Both defendants have assigned error in the charge to the jury. Defendant Lancaster argues that the trial court erred when it failed to charge the jury from special instructions he submitted. The special instructions were designed to point out the distinctions between larceny and embezzlement. We note that the charge given contained in substance most of the instructions in defendant Lancaster’s special request for instructions. State v. Beach, 283 N.C. 261, 196 S.E. 2d 214 (1973). No specific request was made for a charge on larceny and we believe the trial judge was correct in charging the jury on embezzlement since the evidence at trial supported such a charge. We do not find any prejudice to defendant Lancaster in the instructions as given. Error is also assigned to the trial judge’s failure to instruct the jury that it should carefully scrutinize the testimony of Timothy Strange, an accomplice in the embezzlement. No request was made by defendant Lancaster for such an instruction and absent a request, we find no error in the charge. State v. Brinson, 277 N.C. 286, 177 S.E. 2d 398 (1970). As his final objection to the jury charge, defendant Lancaster contends the court expressed an opinion on the evidence when defendant Lancaster’s name was repeatedly used in charging the jury as to defendant Flack’s aiding and abetting in the embezzlement. There is no merit in this argument.
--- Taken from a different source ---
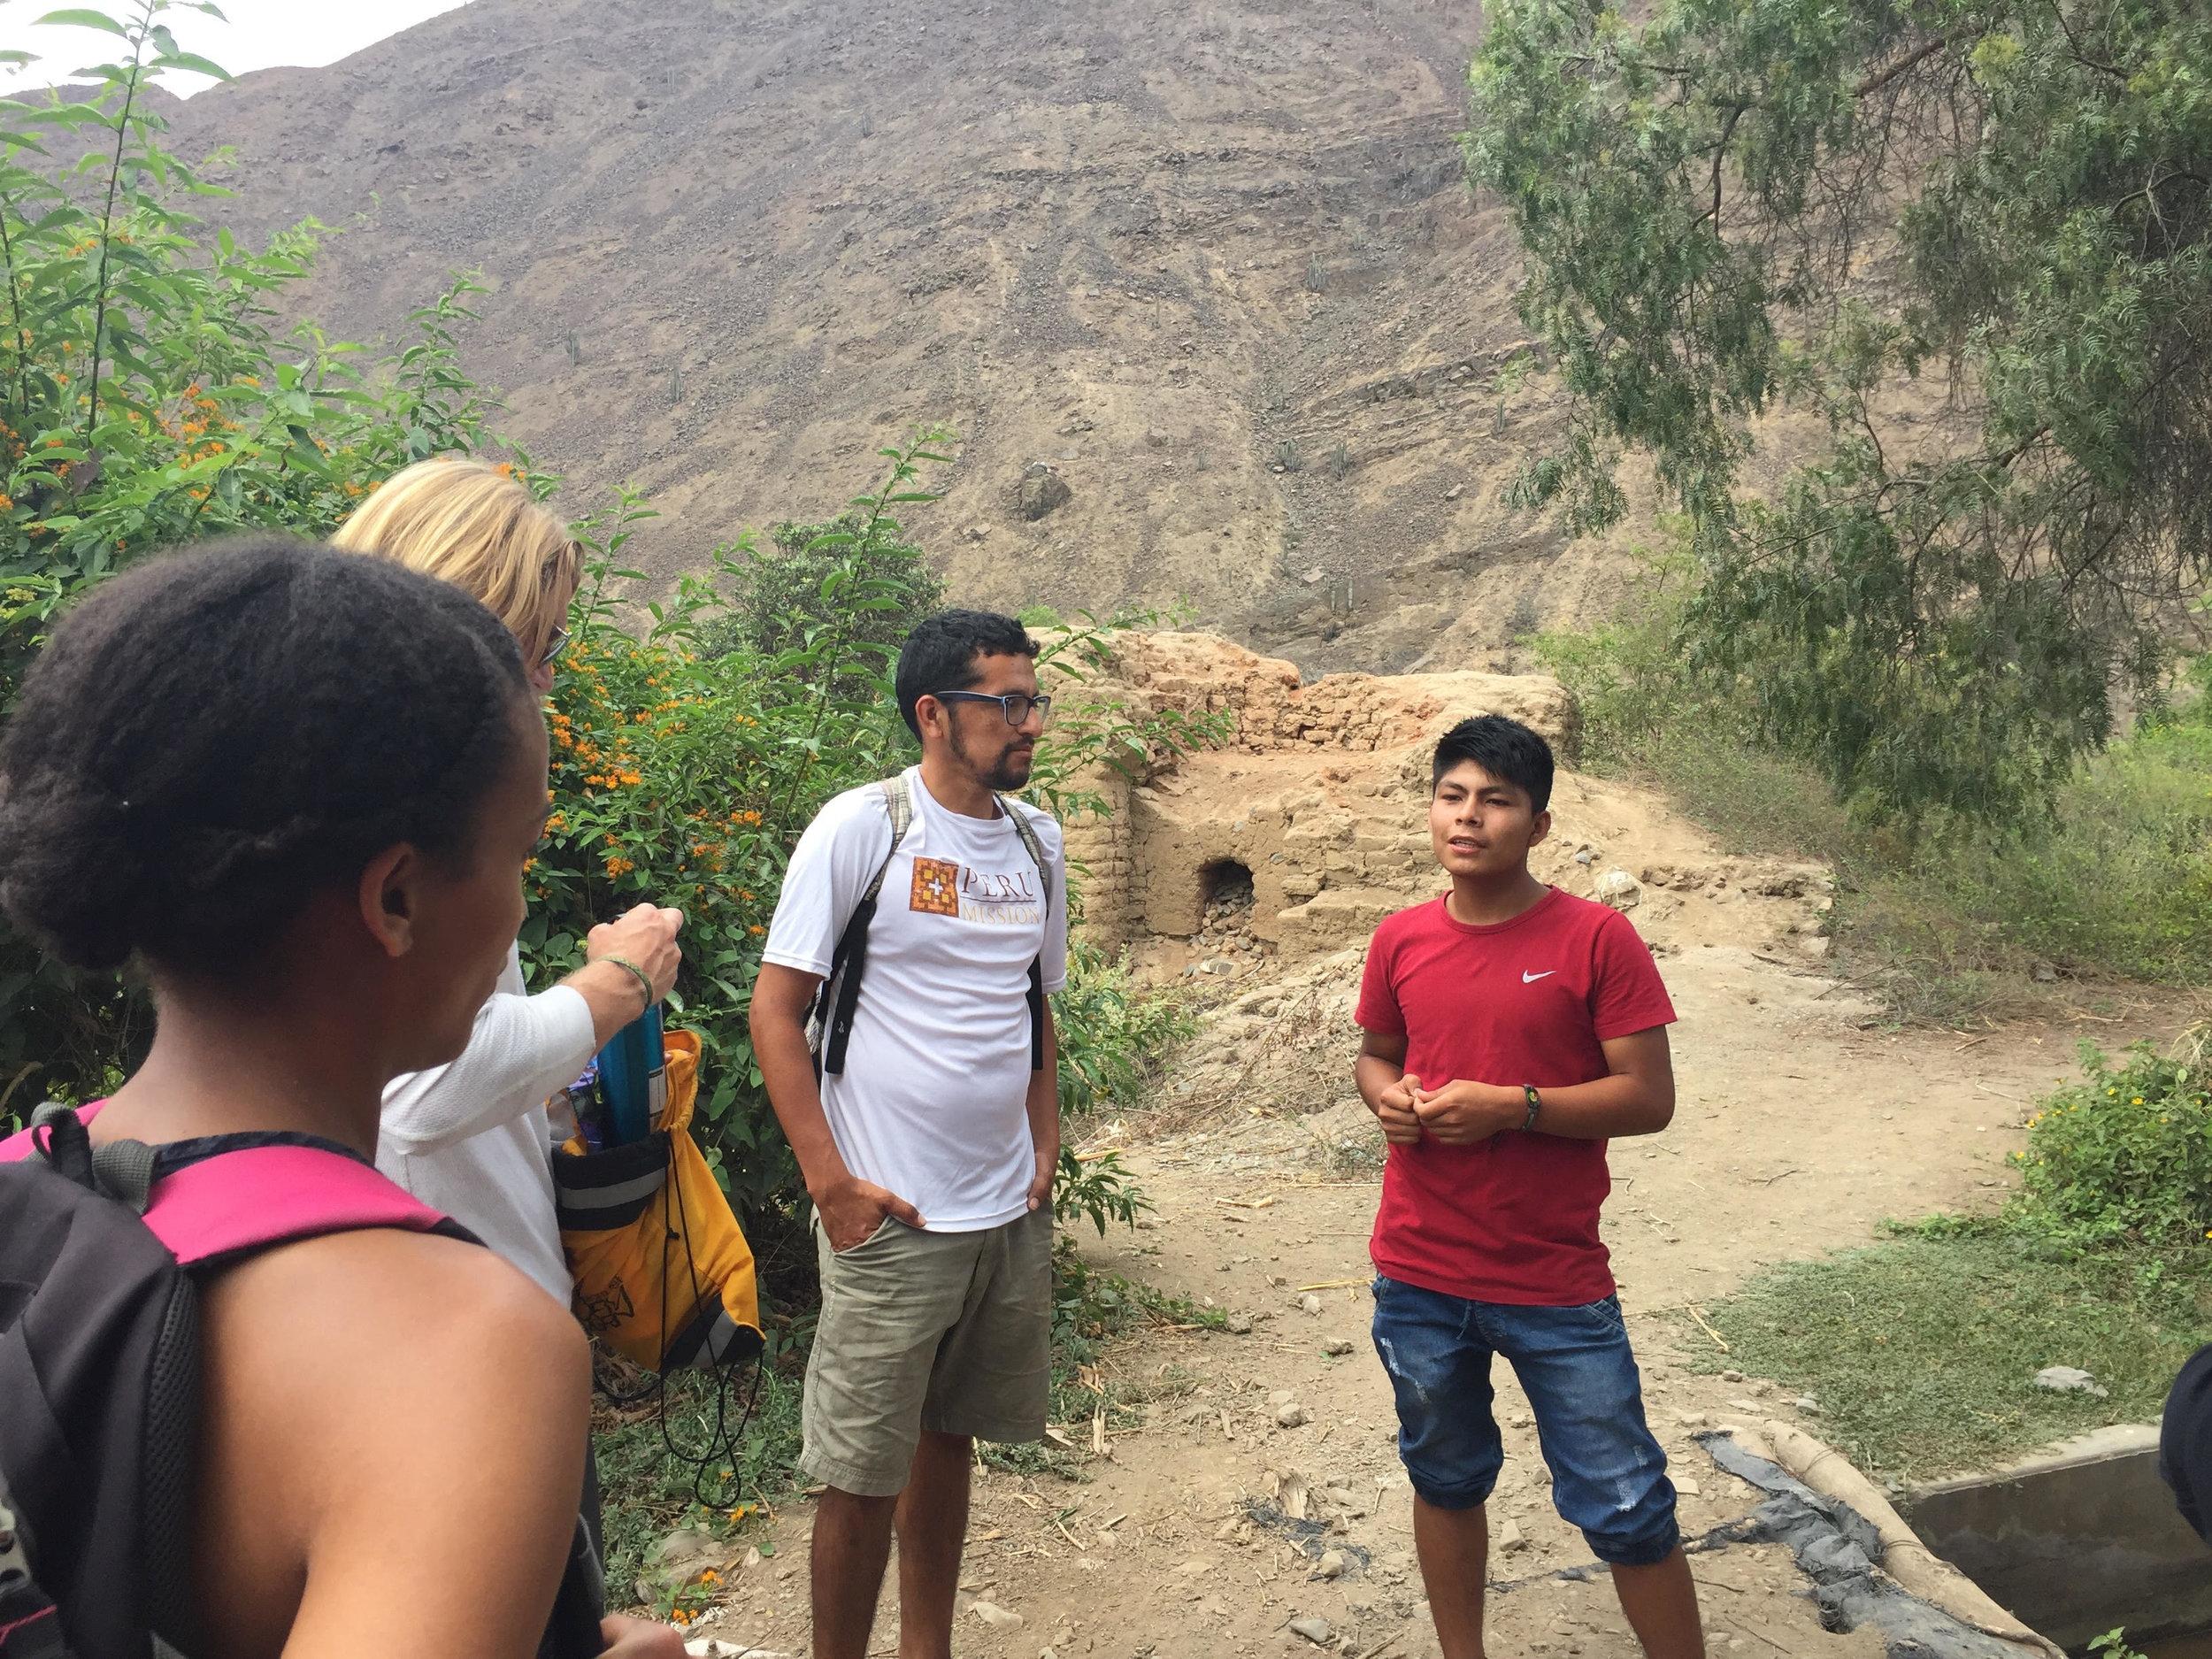 Touring Simbal, Peru

The trial judge is under a duty to apply the law to the evidence. G.S. 1-180. The repeated use of defendant Lancaster’s name was entirely proper.

*534Defendant Flack contends the court erred in its charge on embezzlement by not instructing the jury that it must find that the nuts and bolts taken from Mint Fasteners, Inc. and received by defendant Flack were the nuts and bolts referred to in the trial. In the charge, the trial judge instructed that the jury should find from the evidence and beyond a reasonable doubt that “pallets were loaded on the truck by Lancaster . . .” and that “Kenneth Flack returned and drove the truck on the return trip to Gastonia, North Carolina to the warehouse of Kenneth Flack. . . .” The only nuts and bolts alluded to at trial were the kegs of nuts and bolts loaded onto the pallets and taken from Mint Fasteners, Inc. We believe the court’s charge requires the jury to find that the nuts and bolts taken from the Mint Fasteners, Inc. warehouse were the nuts and bolts delivered and stored at defendant Flack’s warehouse. We do not believe the jury was confused or the defendant prejudiced by the instructions.

As his final assignment of error, defendant Flack contends it was error for the trial judge to instruct the jury to take exhibits into the jury room when they retired for deliberations, absent a request to do so from the jury and consent from the defendants. Defendant Flack alleges this conduct amounted to an expression of opinion as to the veracity of the exhibits. Even if we assume for argument that the trial judge’s action was improper, the defendant has failed to show how the exhibits prejudiced the verdict of the jury. See State v. Haltom, 19 N.C. App. 646, 199 S.E. 2d 708, appeal dismissed, 284 N.C. 619, 201 S.E. 2d 691 (1973); 2 N.C. Practice and Procedure, McIntosh, § 1545 (Phillips Pocket Part). We do not find the trial judge’s sending of exhibits to the jury room to be an expression of truthfulness of the exhibits prejudicing the jury’s deliberations.

In the trial of defendant Lancaster and defendant Flack, we find

No error.

Chief Judge BROCK and Judge CLARK concur.